UPC Order on Privileges & Immunities placed before Parliament today

From the UK IPO's Unified Patent Court Taskforce, comes this e-mail update about the Unified Patent Court (Immunities and Privileges) Order 2017:
Secondary legislation in the form of an Order on Privileges and Immunities for the Unified Patent Court were laid in Parliament under the International Organisations Act 1968 today. Separate legislation will be laid in the Scottish Parliament in due course.  
This is the final legislative step in the UK’s ratification of the Unified Patent Court. The Orders implement the Protocol on Privileges & Immunities and gives the Unified Patent Court its legal personality in UK law. The Orders are affirmative orders, which means they will be debated in each House of Parliament. Separately the Scottish Order will be debated in the Scottish Parliament. They will also require Privy Council approval. Once this legislation has been passed the UK will be able to formally ratify the UPC Agreement.  
The Preparatory Committee of the UPC recently confirmed that the provisional timetable for entry into force (1 December 2017) could not be met. The Preparatory Committee is monitoring progress and will announce a new opening day in due course.
With Germany's recent constitutional challenge (as reported by the IPKat here) and Parliament being distracted by the recent UK elections and Brexit negotiations, do not hold your breath for much UPC activity before the House rises on 20 July 2017. It's summer, after all...
UPC Order on Privileges & Immunities placed before Parliament today UPC Order on Privileges & Immunities placed before Parliament today Reviewed by Annsley Merelle Ward on Monday, June 26, 2017 Rating: 5


  1. Well I never. I suppose the DUP were in favour if the UPC then. Very progressive.

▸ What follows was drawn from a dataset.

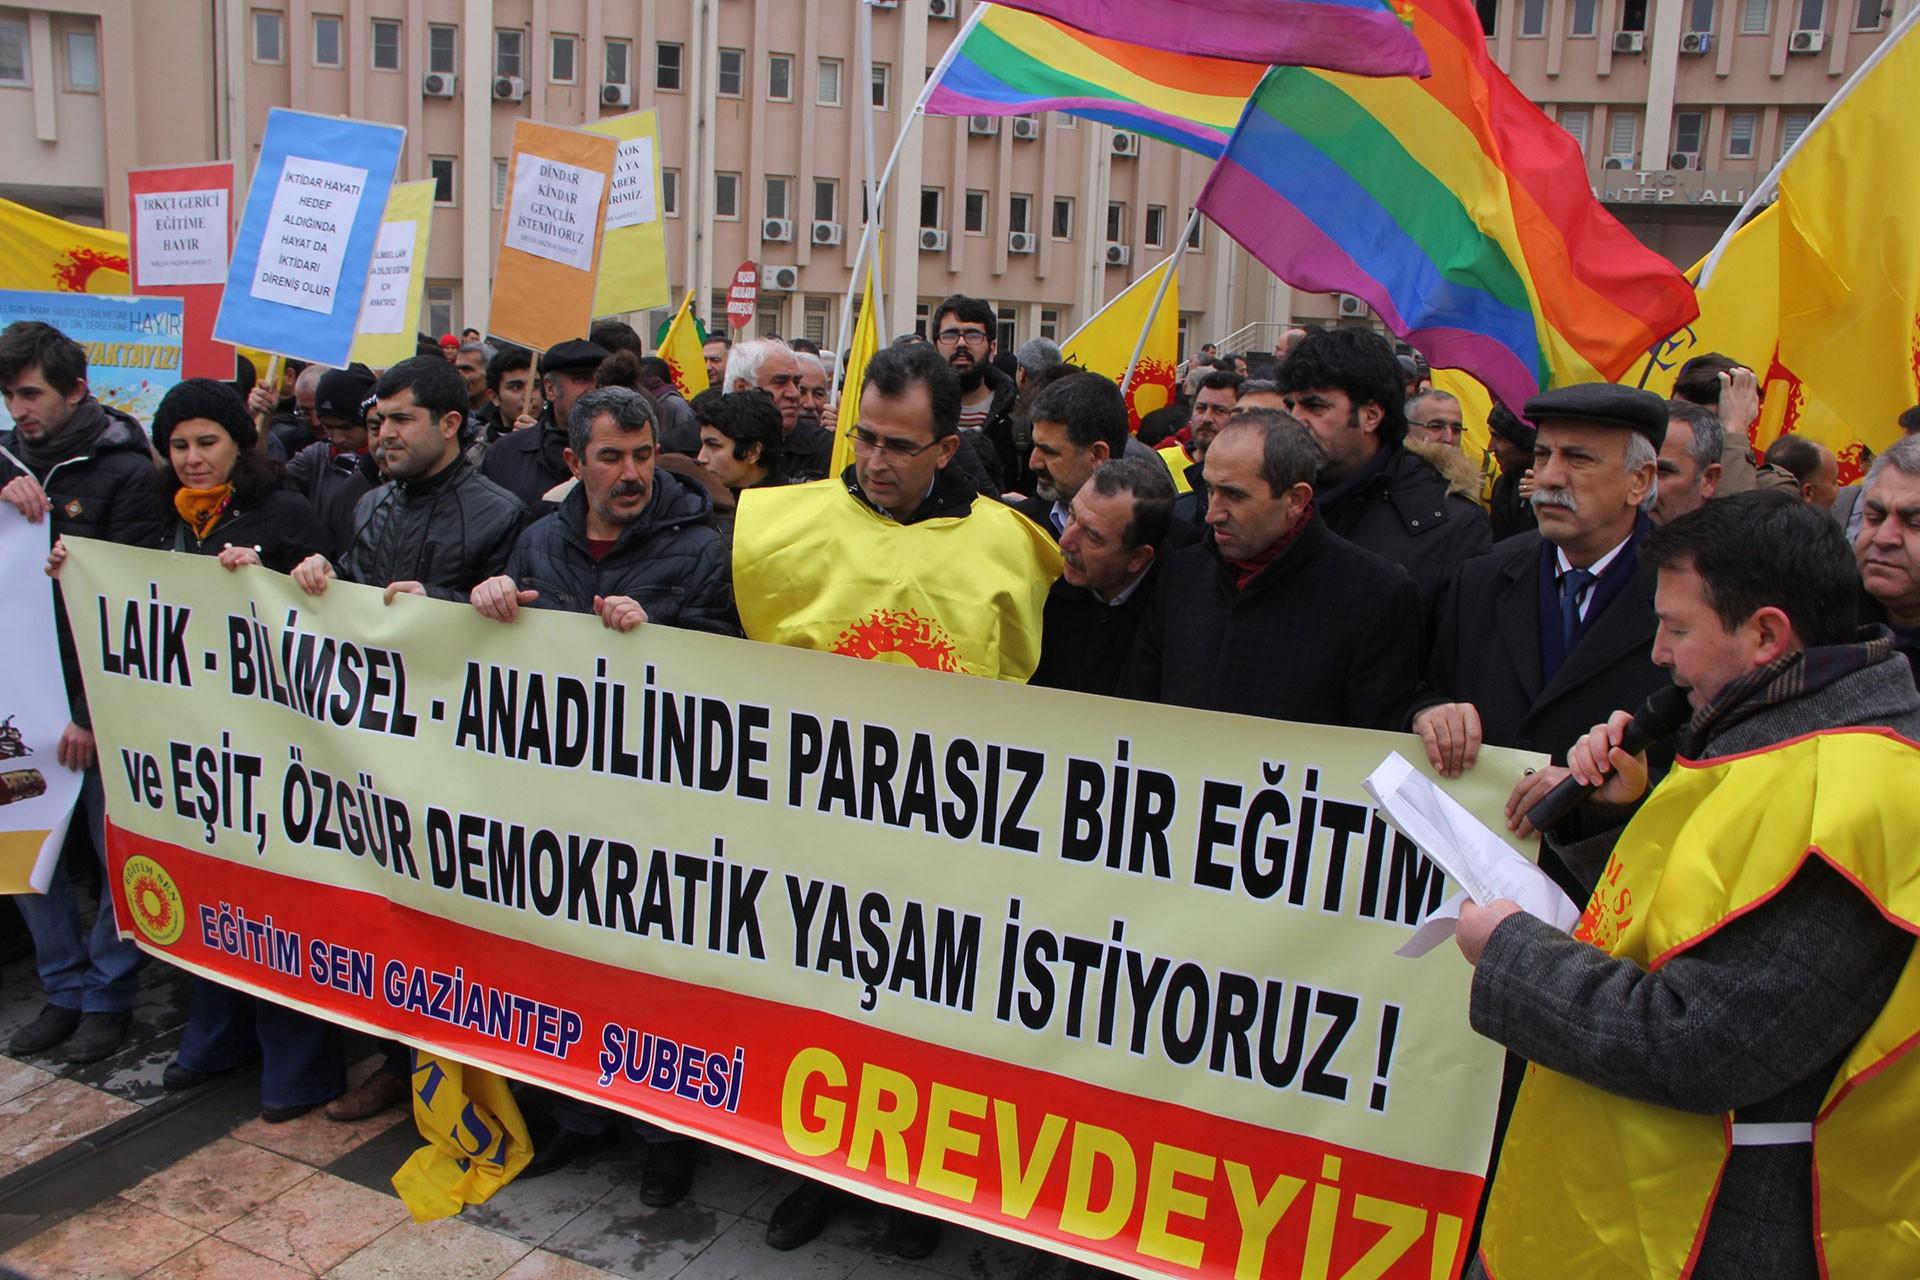 Antep'te valilik binası önünde yapılan eylem

  2. " Separate legislation will be laid in the Scottish Parliament in due course. "

    What constitutes "due course"? If the Order could be presented at Westminster, why could the Scottish order not be presented at the same time? [Indeed why were they nor presented to Parliament at the same time as the treaty].

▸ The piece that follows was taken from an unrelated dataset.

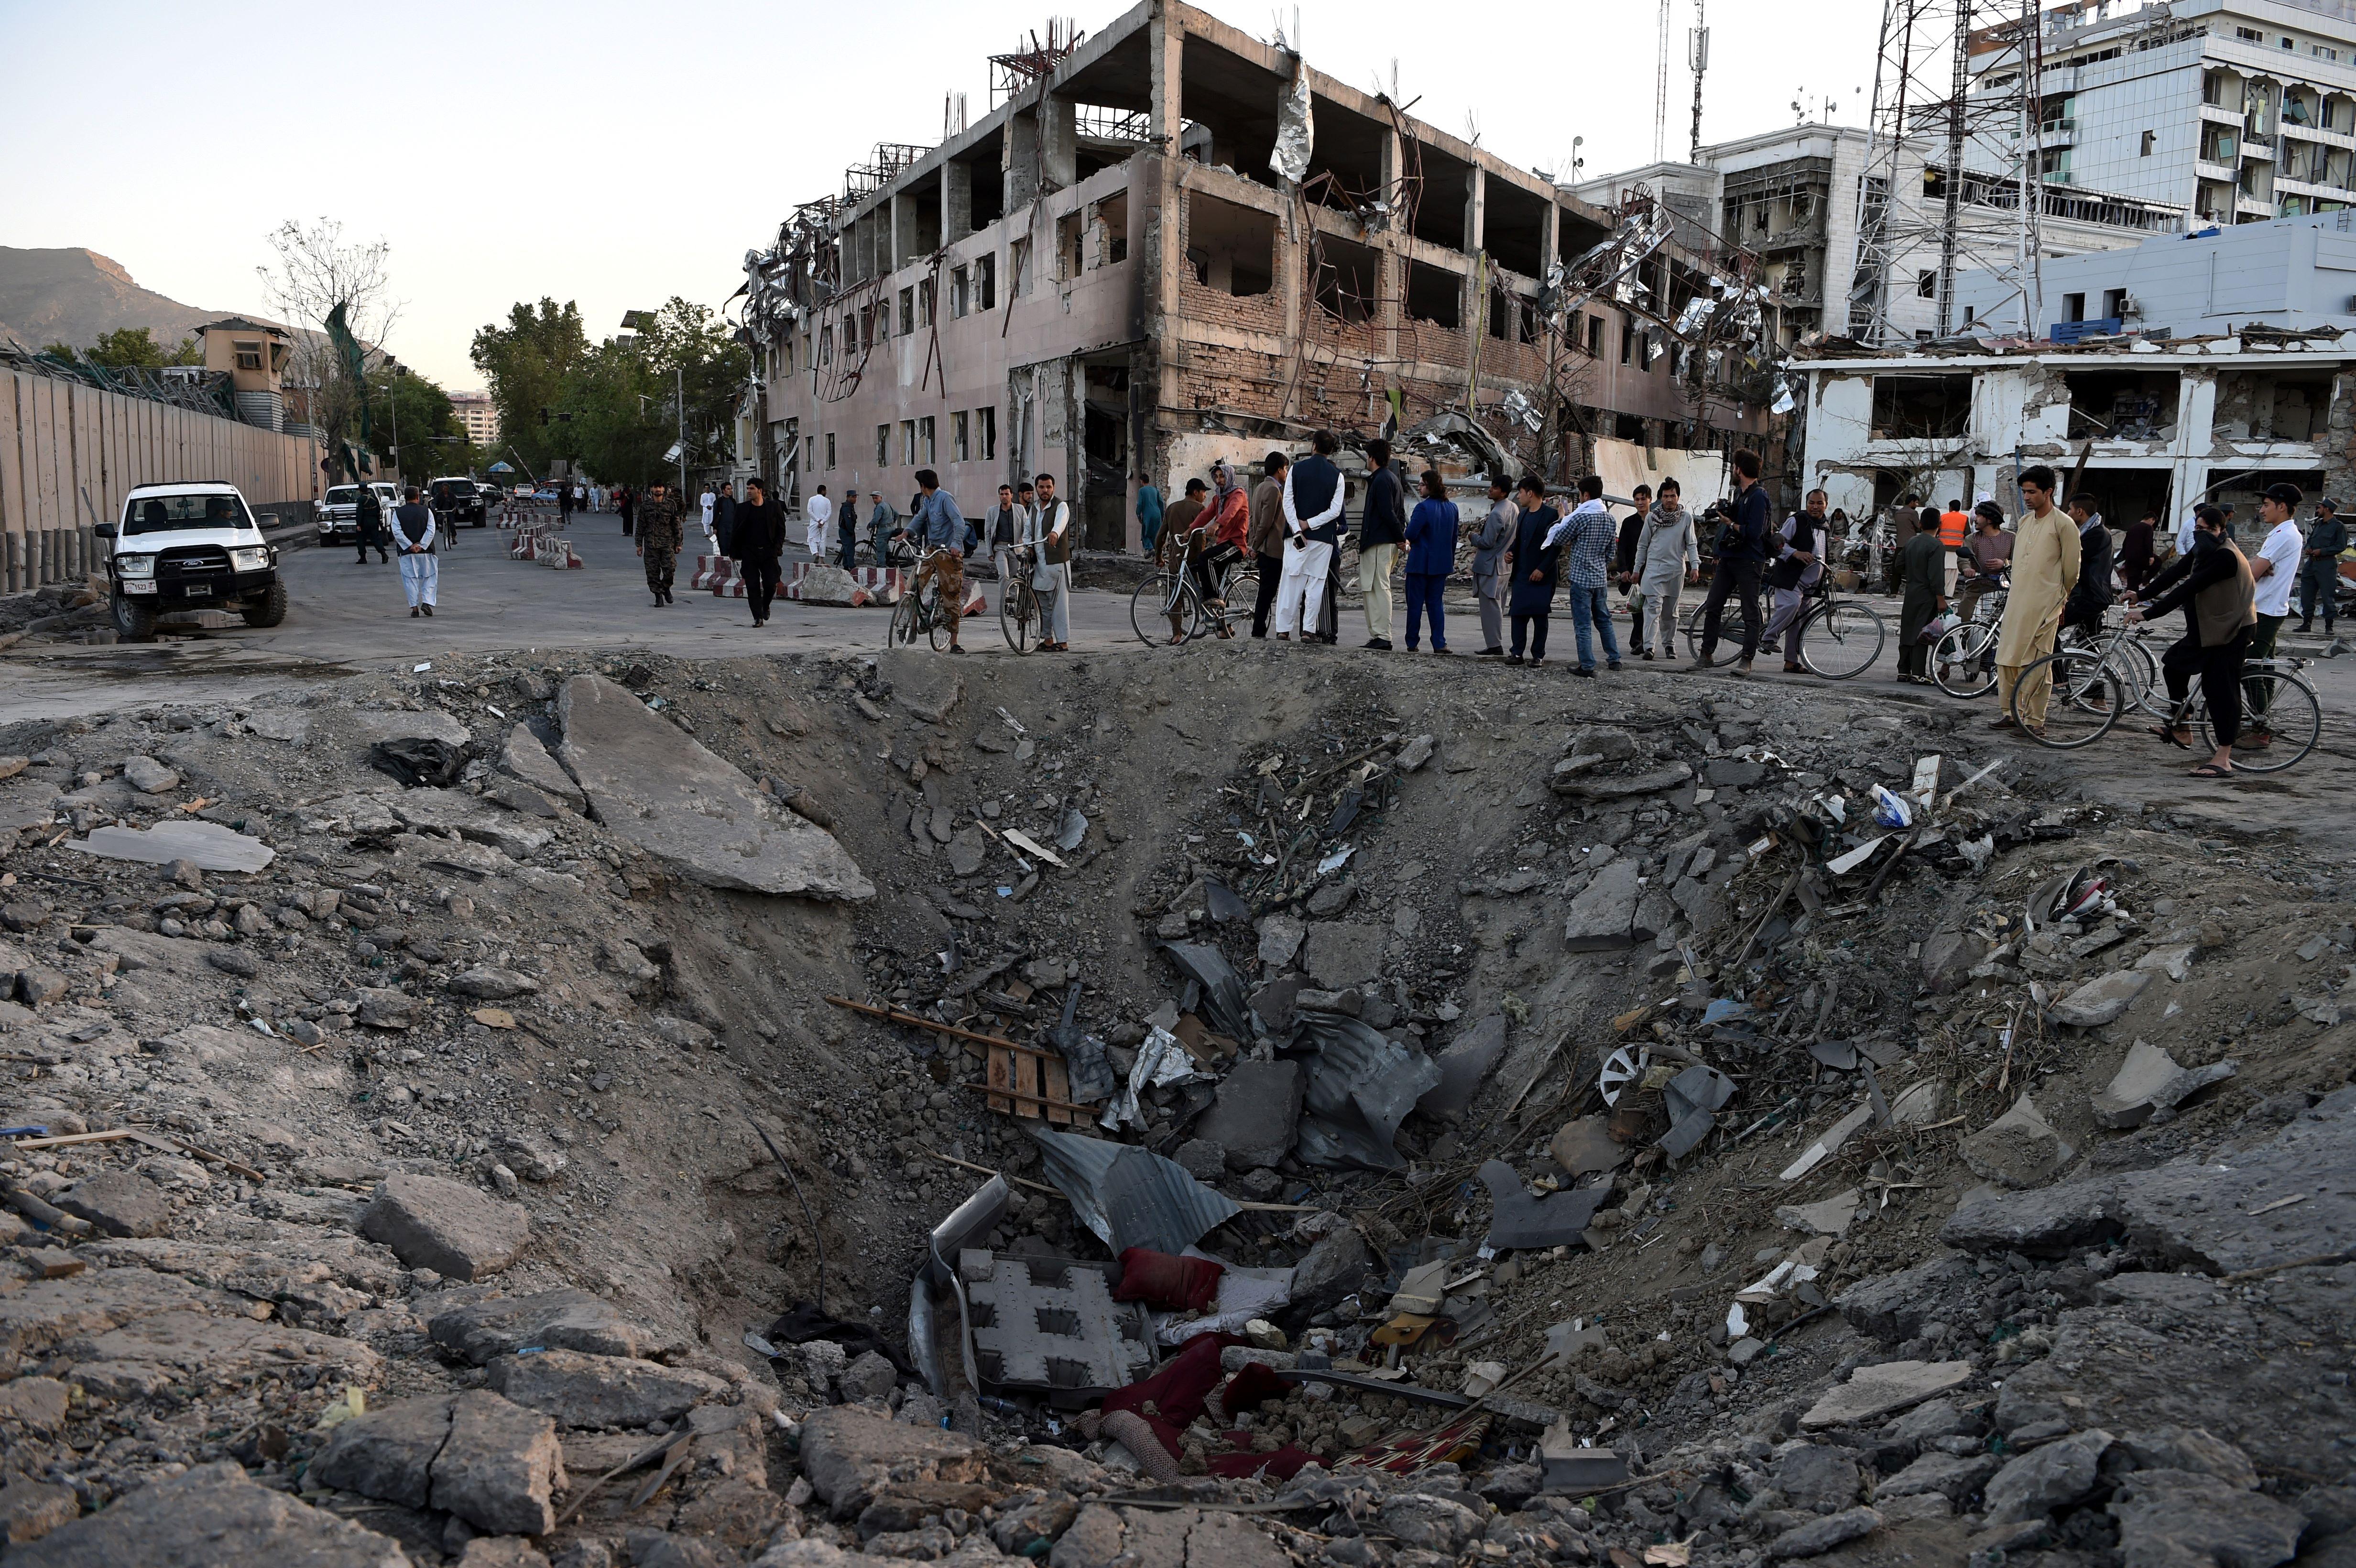 سکوت بعد از انفجار بمب در کابل این سوال را مطرح می کند: کار چه کسی است؟

    The leisurely action after the 2016 announcement that the UK would participate, smacks of time-wasting and indecisiveness and perhaps internal politicking.

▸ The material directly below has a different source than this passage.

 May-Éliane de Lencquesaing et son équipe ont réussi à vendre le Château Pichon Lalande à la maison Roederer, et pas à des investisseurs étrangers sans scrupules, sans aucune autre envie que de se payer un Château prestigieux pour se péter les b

    What does not seem to be taken seriously is that UK ratification of the UPC is a wasting asset. The longer it is delayed, the less its value.

    Unless the UK gets its finger out, it will become increasingly likely that the calculation will be "Let's wait until March 2019 and go ahead without the UK".

    So HMG - be strong and stable and do something. Don't flap like a fish out of water. Time is running out.